Recensione del libro: Uno sguardo lucido ai rischi del "diagnosis creep"

Quando la neurologa Suzanne O'Sullivan incontrò la paziente che chiama Darcie, la ventenne soffriva quotidianamente di crisi epilettiche così debilitanti che non usciva quasi mai di casa da un anno.

Darcie si aspettava di aggiungere l'epilessia alla sua già lunga lista di altre diagnosi: emicrania, anoressia, sindrome dell'intestino irritabile, autismo, depressione, ansia, disturbo da deficit di attenzione/iperattività, un problema di svenimento e vertigini chiamato sindrome da tachicardia posturale ortostatica, o POTS, e una patologia articolare chiamata sindrome di Ehlers-Danlos ipermobile.

O'Sullivan, che aveva subito escluso l'epilessia, arrivò a sospettare che la giovane donna soffrisse in realtà di un altro disturbo diffuso: la sovradiagnosi.

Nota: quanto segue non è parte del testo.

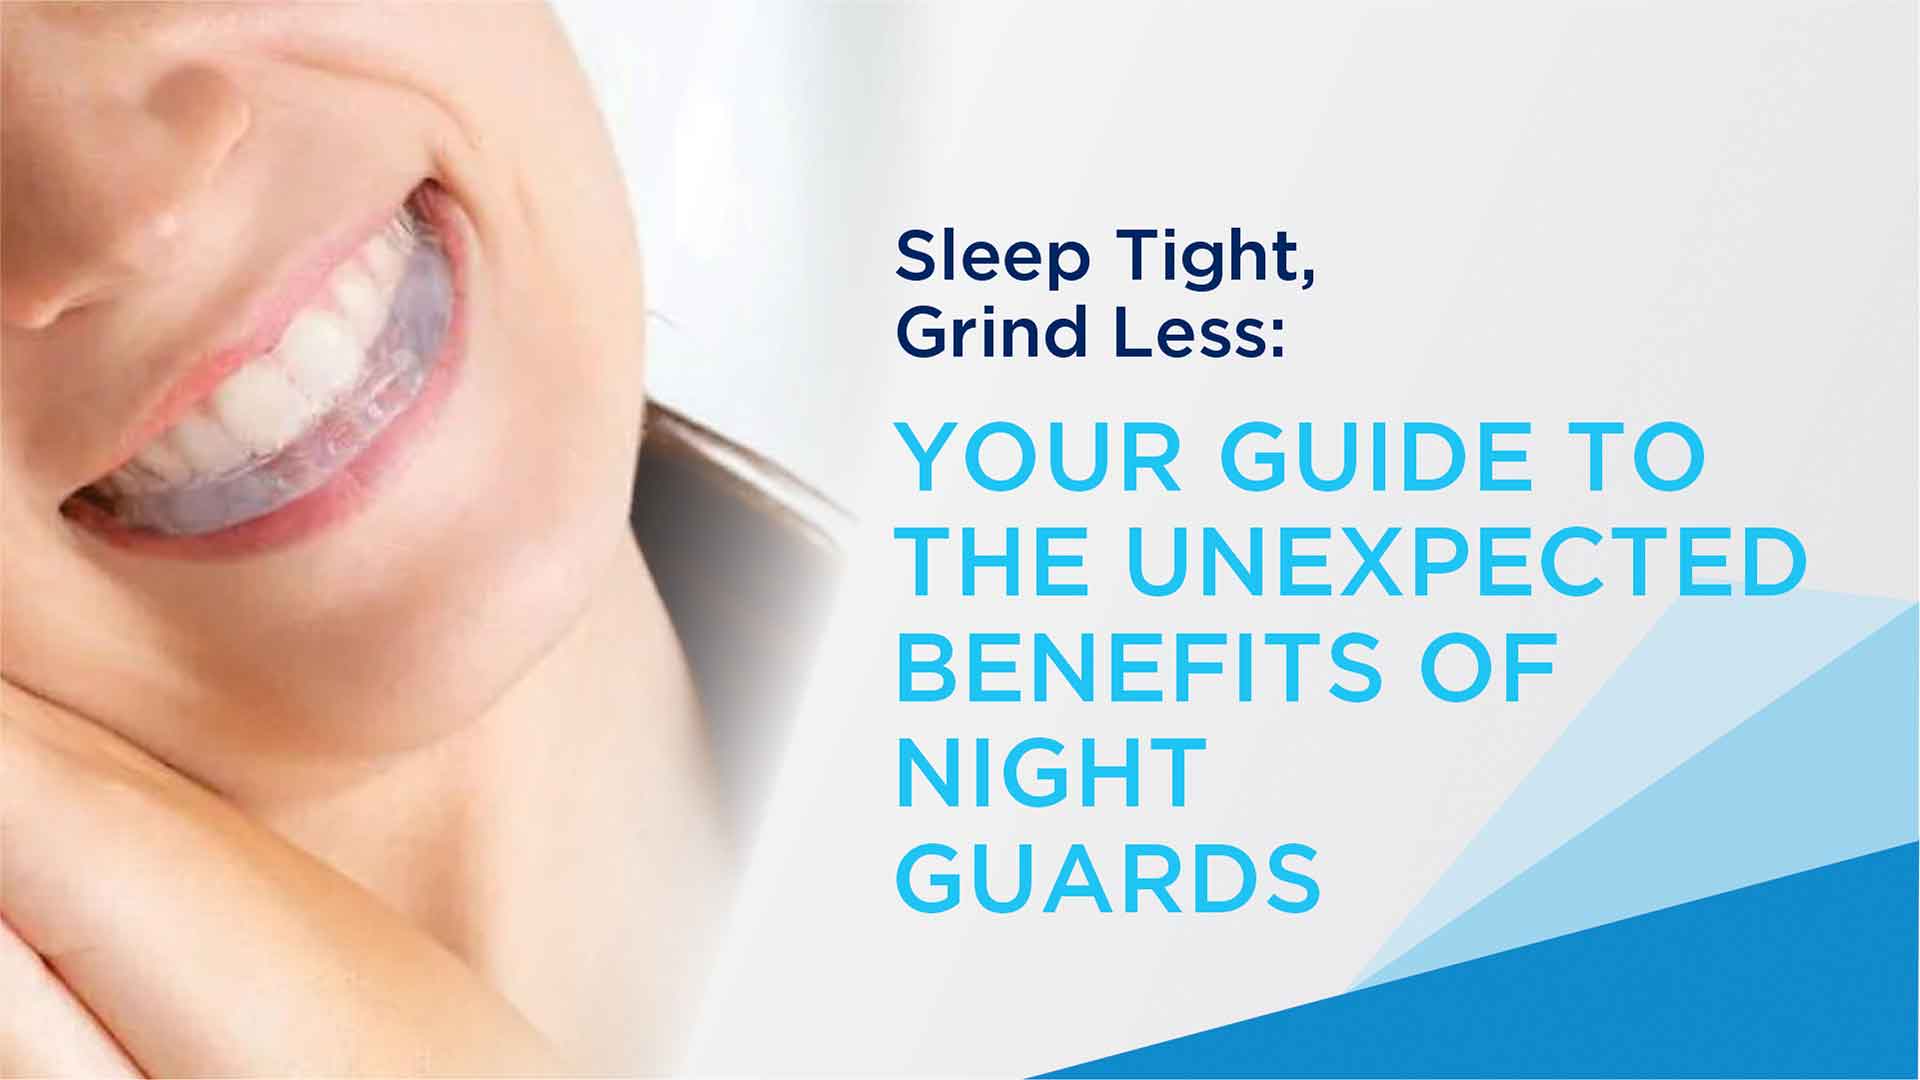 Sleep Tight, Grind Less: Your Guide to the Unexpected Benefits of Night Guards

Nel suo nuovo libro, " The Age of Diagnosis: How Our Obsession With Medical Labels Is Making Us Sicker", O'Sullivan sostiene che la maggior parte dei medici che visitano un gran numero di pazienti si imbattono regolarmente in giovani con almeno alcune delle diagnosi di Darcie, spesso in combinazione con la sindrome di Tourette, la dislessia e altre ancora. Di fatto, vede una "epidemia di sovradiagnosi", in cui i pazienti ricevono diagnosi mediche tecnicamente corrette ma che non necessariamente li avvantaggiano.

"Sono costantemente scioccato dal fatto che così tante persone tra i venti e i trent'anni possano aver accumulato così tante etichette di malattie a un'età così giovane", scrive O'Sullivan, che lavora presso il Servizio Sanitario Nazionale di Londra. "Anche le persone anziane. Ipertensione, colesterolo alto, lombalgia e così via. Sta diventando insolito per me incontrare un paziente che non abbia una storia di diagnosi pregresse".

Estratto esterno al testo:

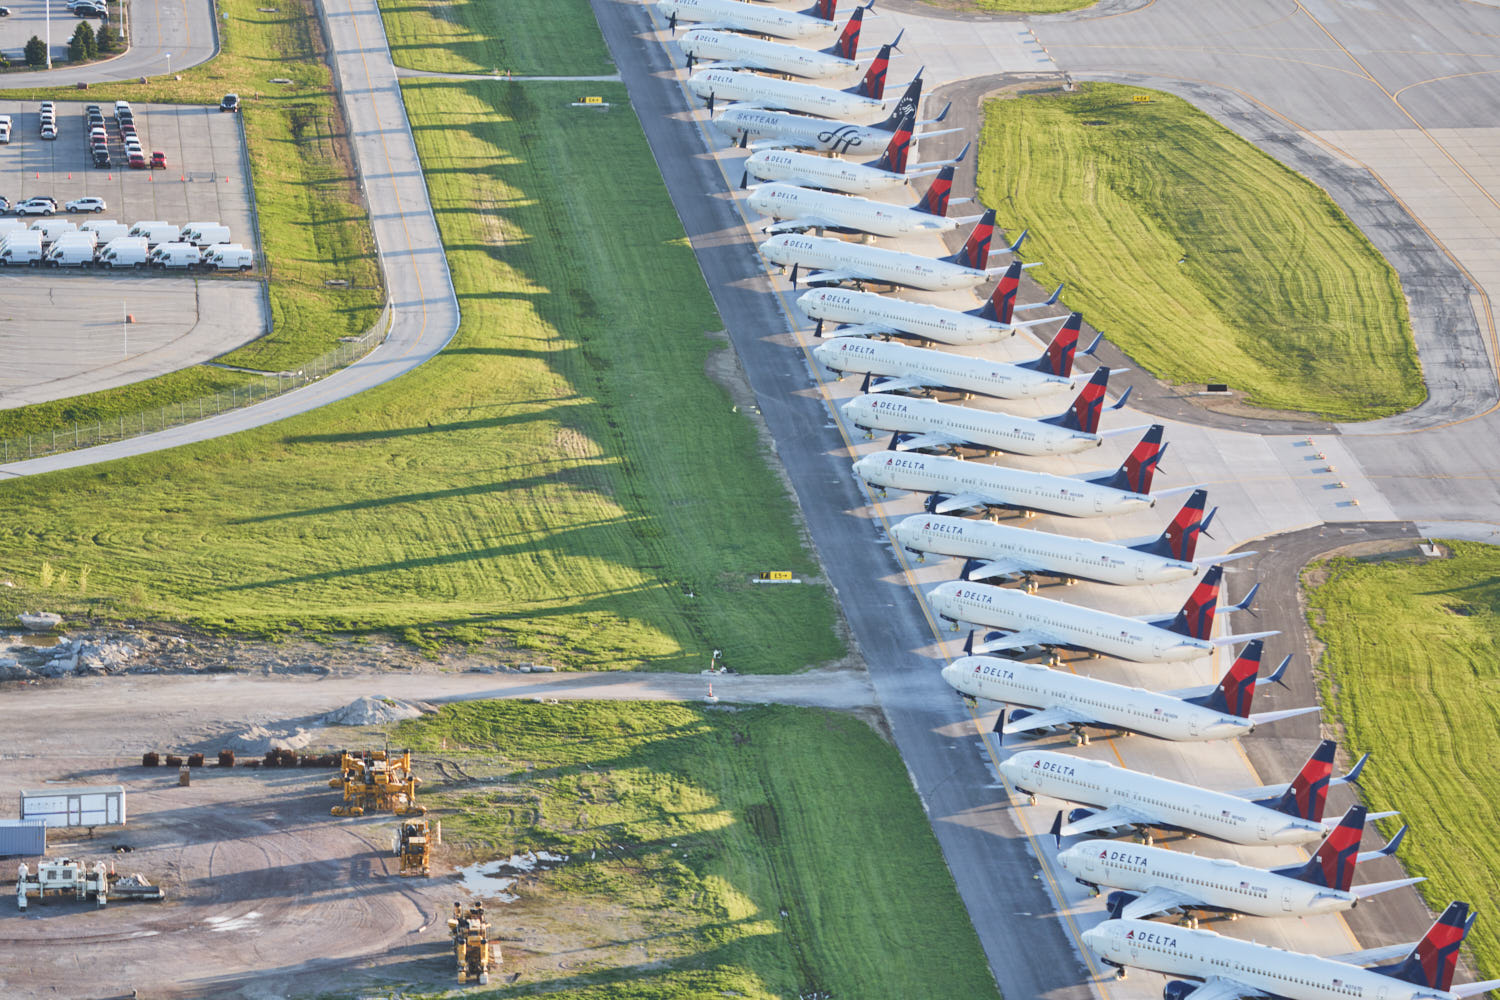 an aerial view of airplanes parked on a runway

Il forte aumento delle diagnosi di cancro, demenza, malattia di Lyme cronica e molte altre patologie potrebbe indicare che le persone sono meno sane mentalmente e fisicamente rispetto al passato. O forse i medici sono più abili nel riconoscere i problemi di salute, portando a trattamenti che migliorano la loro salute.

Il libro di O'Sullivan esplora un'altra possibilità: le normali differenze tra gli individui vengono diagnosticate come patologie? Mettendo la medicina moderna sul tavolo delle visite, O'Sullivan lancia una stimolante sfida ai nostri preconcetti comuni sull'importanza di una diagnosi precoce e accurata. Tra questi, i risultati dei test possono essere considerati fatti attendibili? Un intervento precoce è il modo migliore per affrontare un problema medico? E, fondamentalmente, avere una diagnosi è sempre meglio che non averla?

"Resto costantemente scioccato dal fatto che così tante persone tra i venti e i trent'anni possano essersi procurate così tante etichette di malattie a un'età così giovane."

"The Age of Diagnosis" sembra un aggiornamento di " Overdiagnosed: Making People Sick in the Pursuit of Health ", un libro del 2011 dell'internista H. Gilbert Welch e di due colleghi che presentava prove convincenti del fatto che condizioni comuni, come ipertensione, diabete, osteoporosi e diversi tipi di cancro, vengono sistematicamente sovradiagnosticate.

Welch attribuisce la colpa alla sovradiagnosi – programmi di screening, scansioni per immagini e test genetici che rilevano anomalie che non si trasformerebbero mai in problemi – e O'Sullivan concorda. A suo avviso, una parte della responsabilità ricade su medici e scienziati che si lasciano sedurre dai progressi tecnologici che permettono loro di individuare potenziali problemi.

Ma sembra più interessata al ruolo dei pazienti – e dei genitori dei pazienti – che pretendono una diagnosi quando la vita non procede come desiderano. "L'aspettativa di una salute costante, di successo e di una transizione graduale nella vita si scontra con la delusione quando le cose non vanno come previsto", scrive. "Le spiegazioni mediche sono diventate il cerotto che usiamo per aiutarci a gestire questa delusione".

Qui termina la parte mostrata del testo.